Biopharmaceutical company Swedish Orphan Biovitrum AB (Sobi) (STO:SOBI) announced on Thursday that the US Food and Drug Administration (FDA) has accepted its supplemental Biologics License Application (sBLA) for Gamifant (emapalumab-lzsg) for treating hemophagocytic lymphohistiocytosis/macrophage activation syndrome (HLH/MAS) in Still's disease patients who have not responded to glucocorticoids or have recurrent MAS.

The FDA granted Priority Review, setting a Prescription Drug User Fee Act (PDUFA) target date of 27 June 2025.

HLH/MAS is a severe inflammatory complication linked to systemic juvenile idiopathic arthritis and adult-onset Still's disease, often presenting with high fever, cytopenias and hepatosplenomegaly. The sBLA is supported by pooled data from two clinical trials, EMERALD and NI-0501-06, which enrolled a total of 39 patients.

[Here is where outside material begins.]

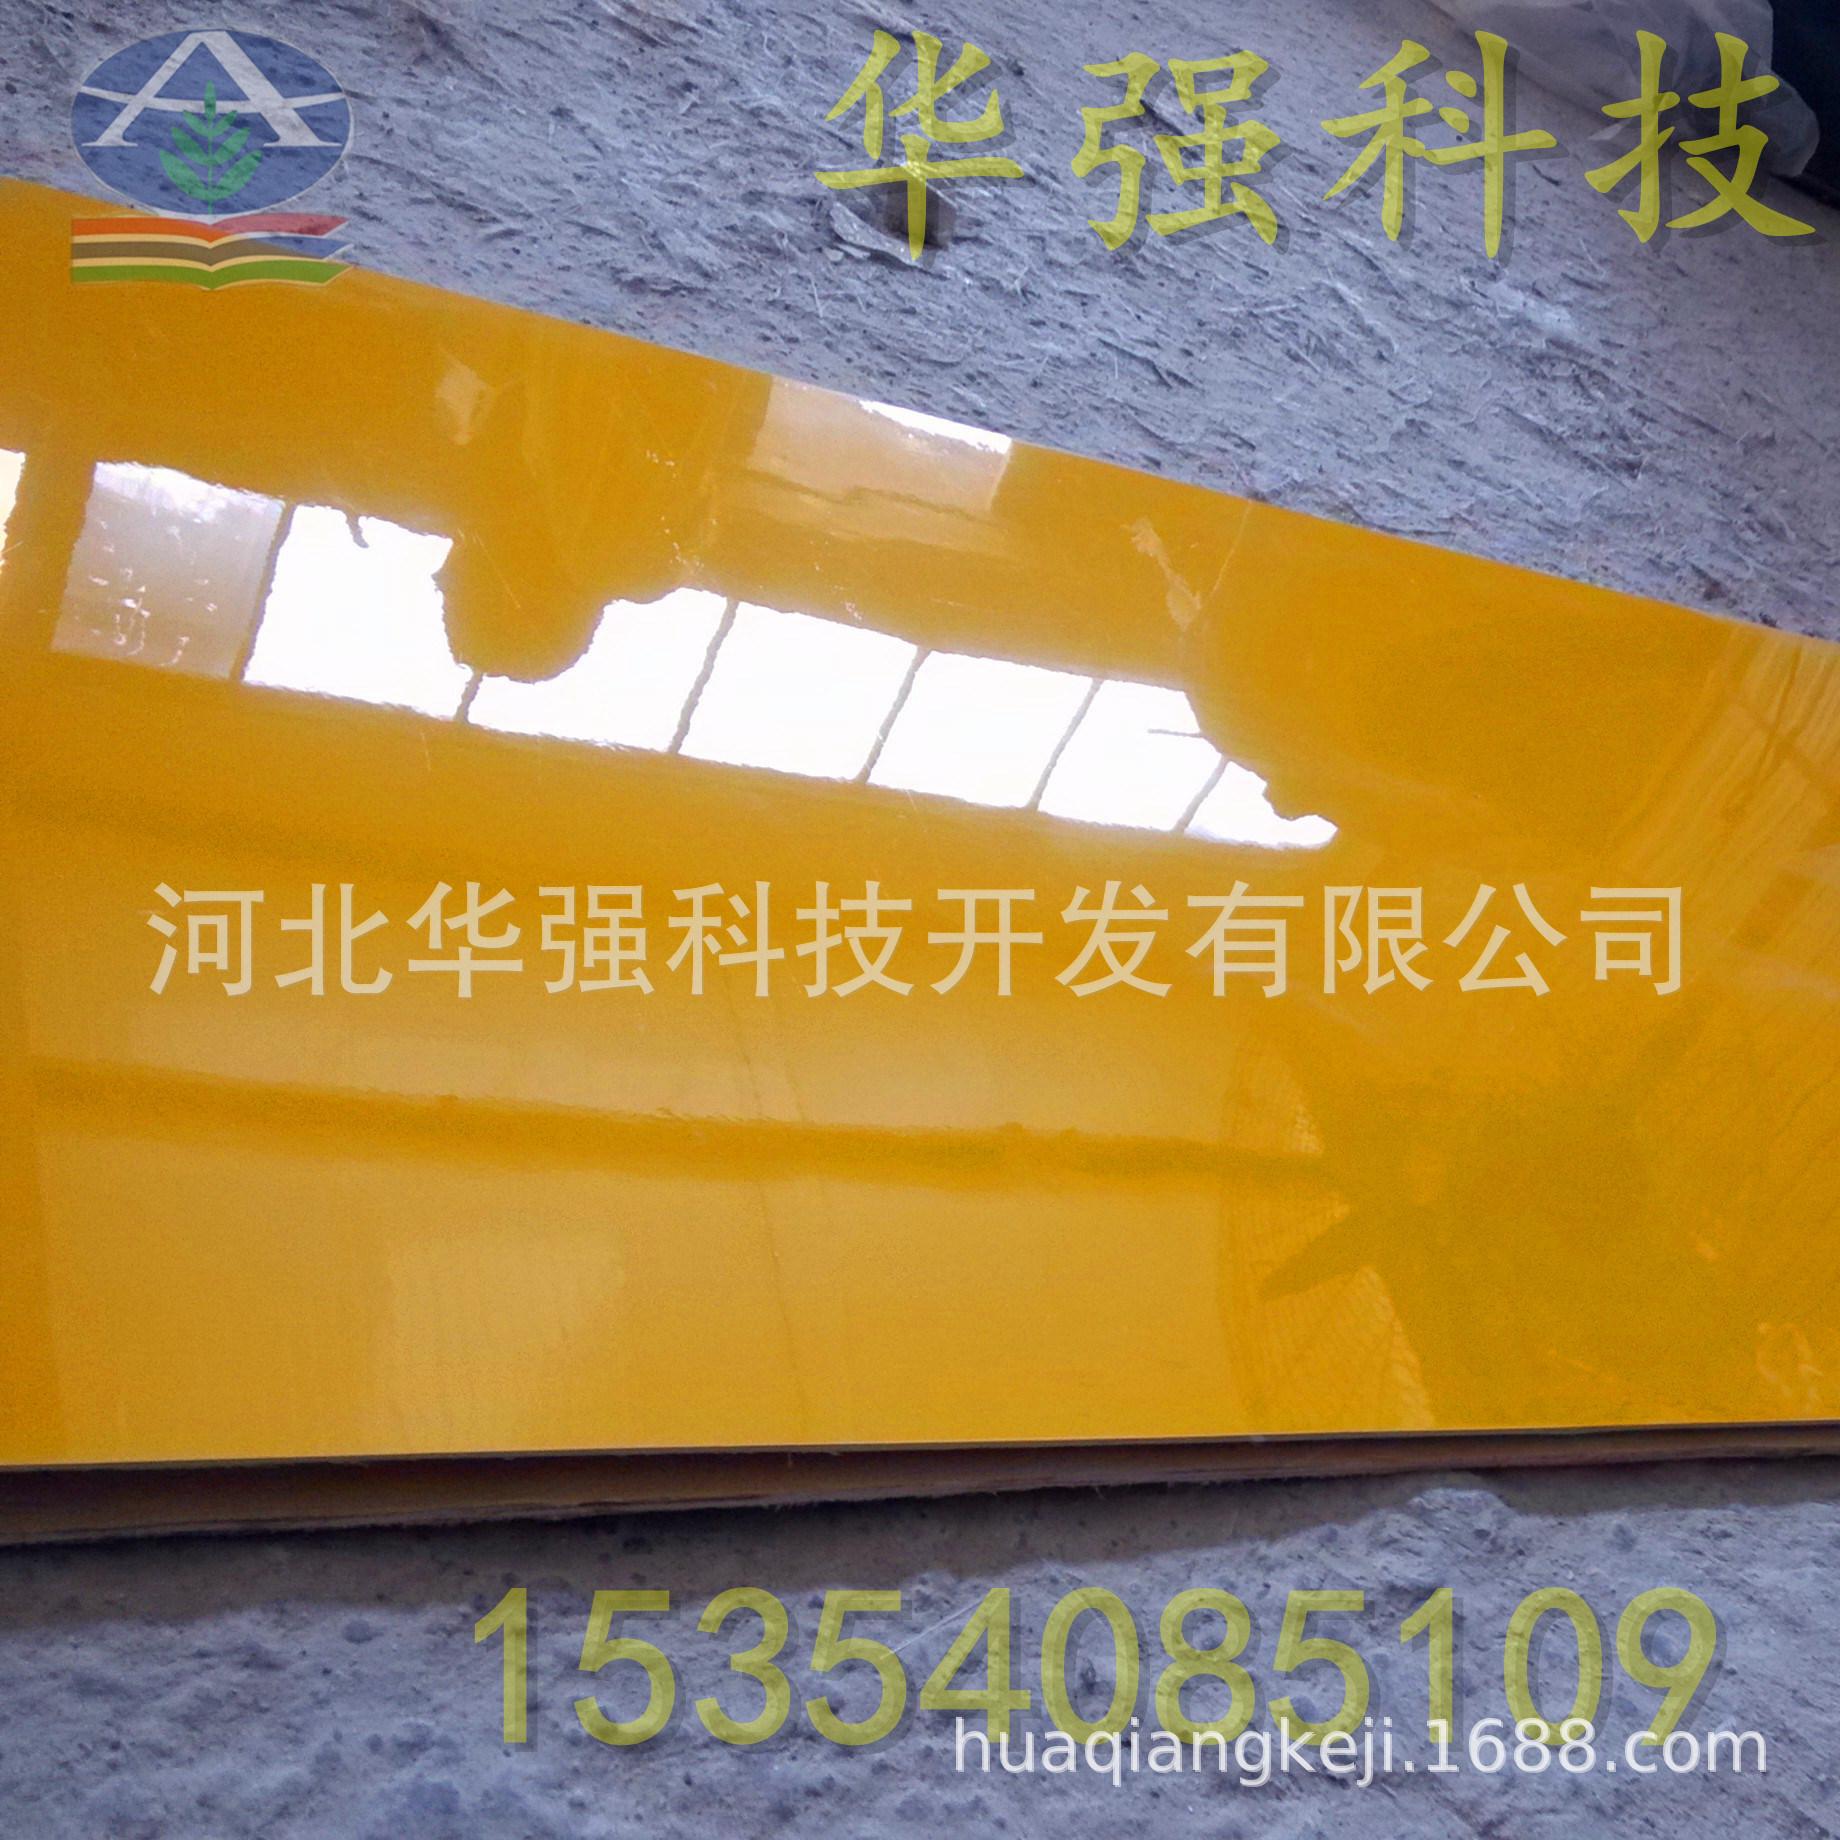 FRP玻璃钢板 耐腐蚀玻璃钢平面板 玻璃钢高温板子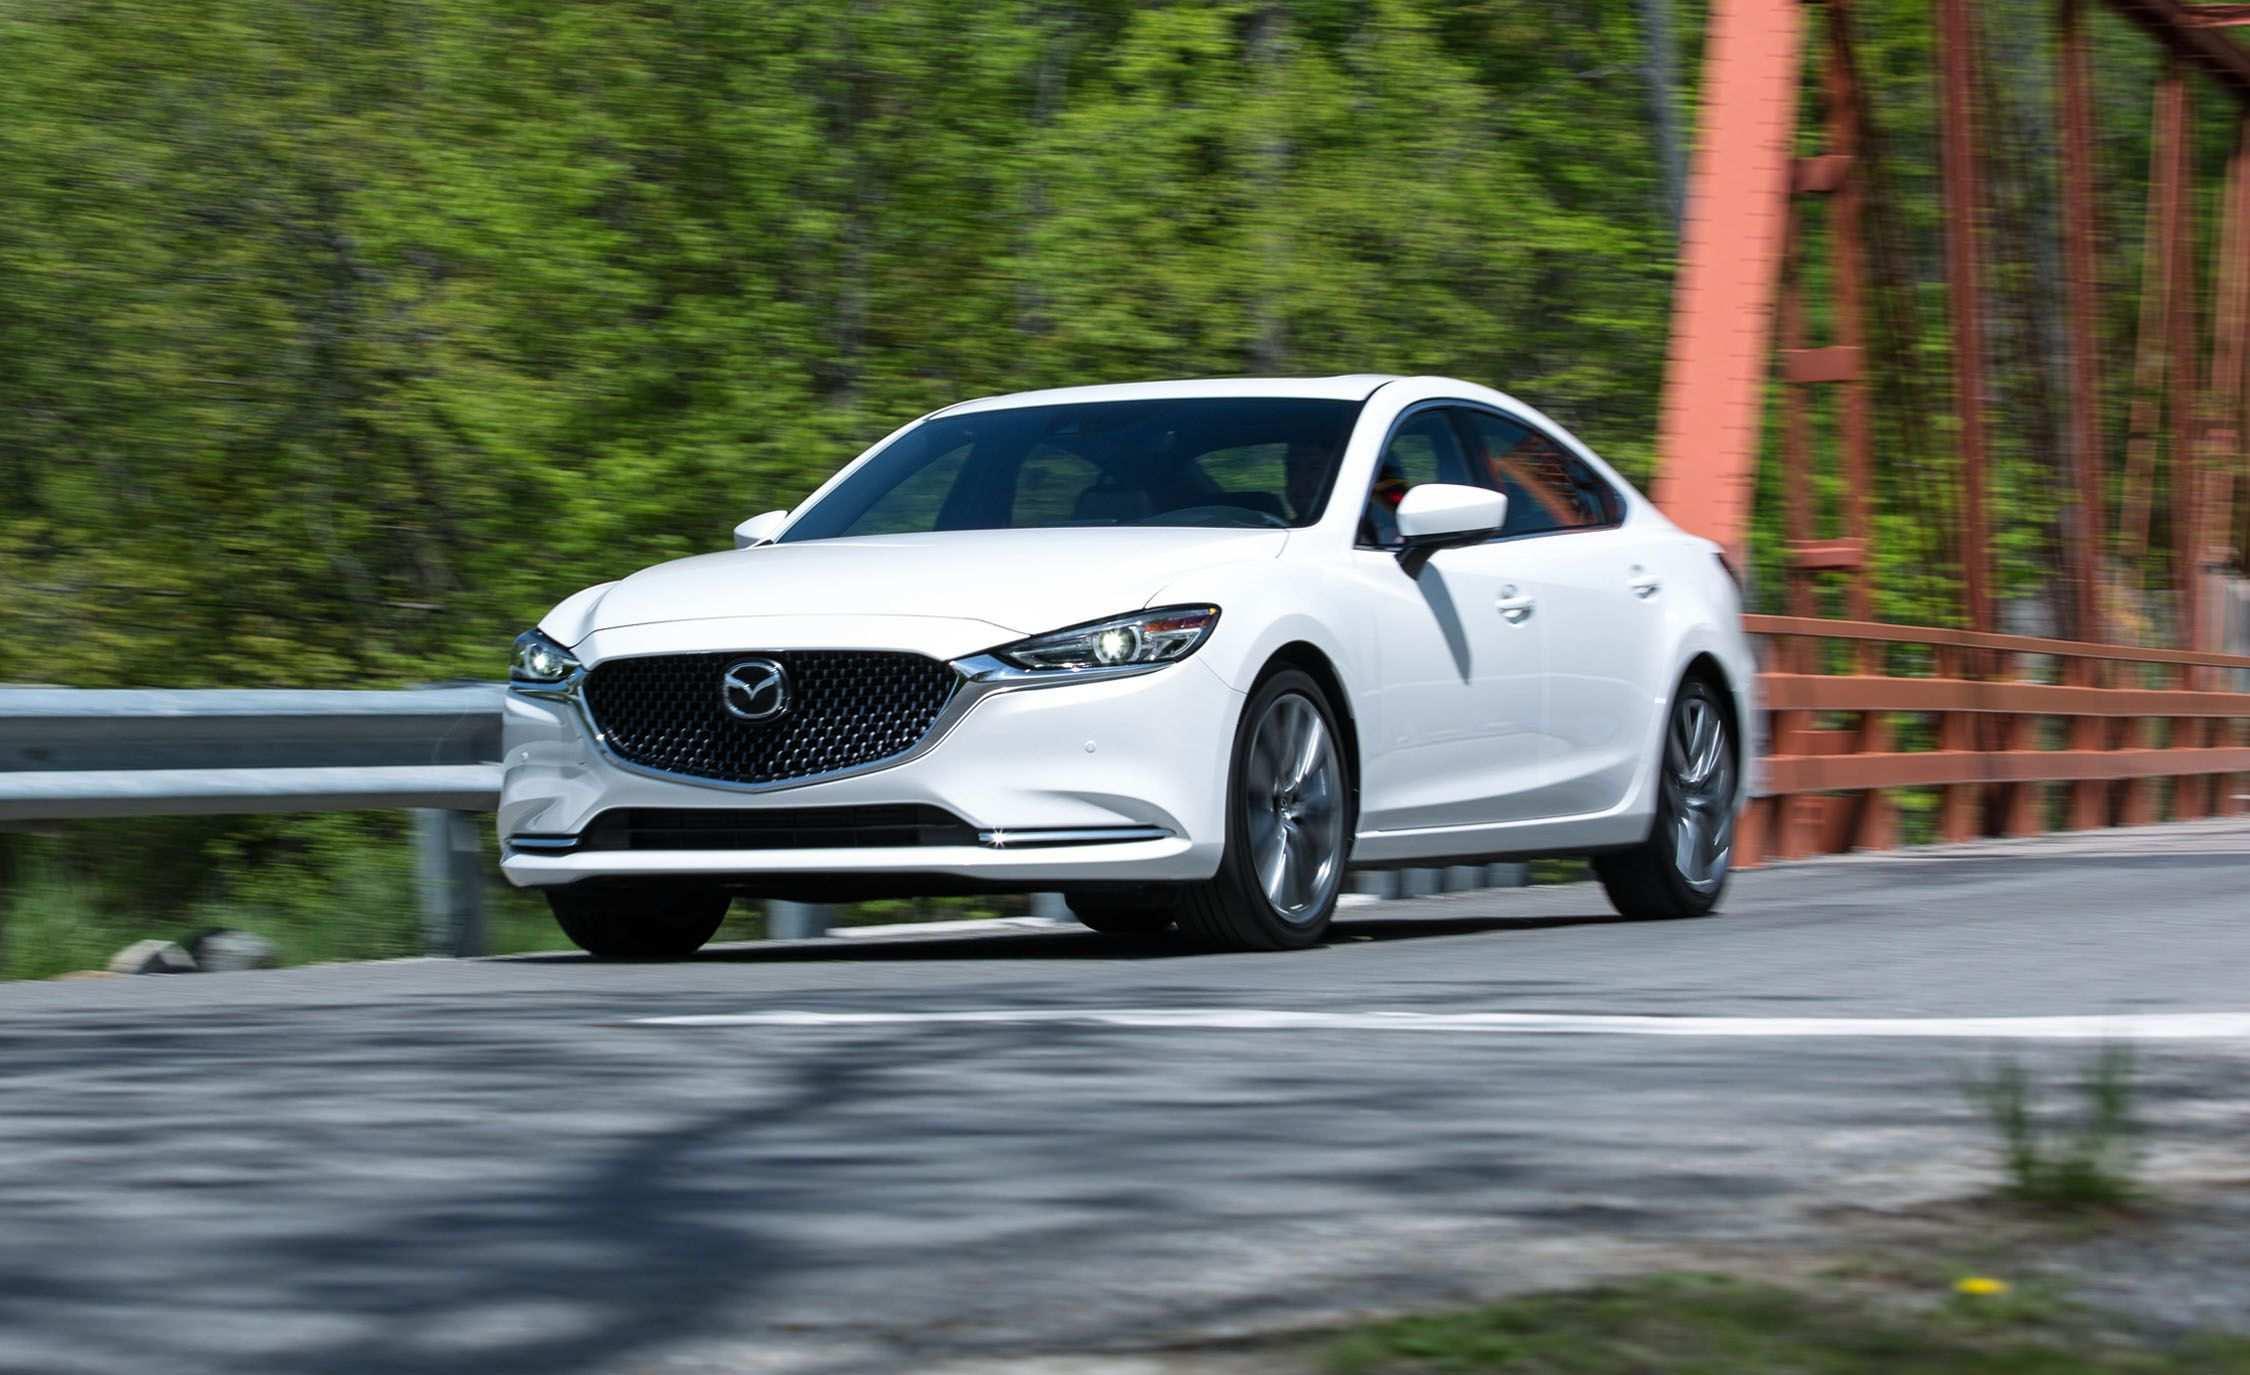 20 Great 2019 Mazda 6 Turbo 0 60 Release with 2019 Mazda 6 Turbo 0 60

Results showed that 53% of patients achieved a complete response by Week 8, and 85% responded at some point during treatment. Additionally, glucocorticoid doses were reduced by 70.1% after two weeks.

Gamifant, a monoclonal antibody that neutralizes interferon gamma, was originally approved by the FDA in 2018 for primary HLH in patients with refractory, recurrent or progressive disease.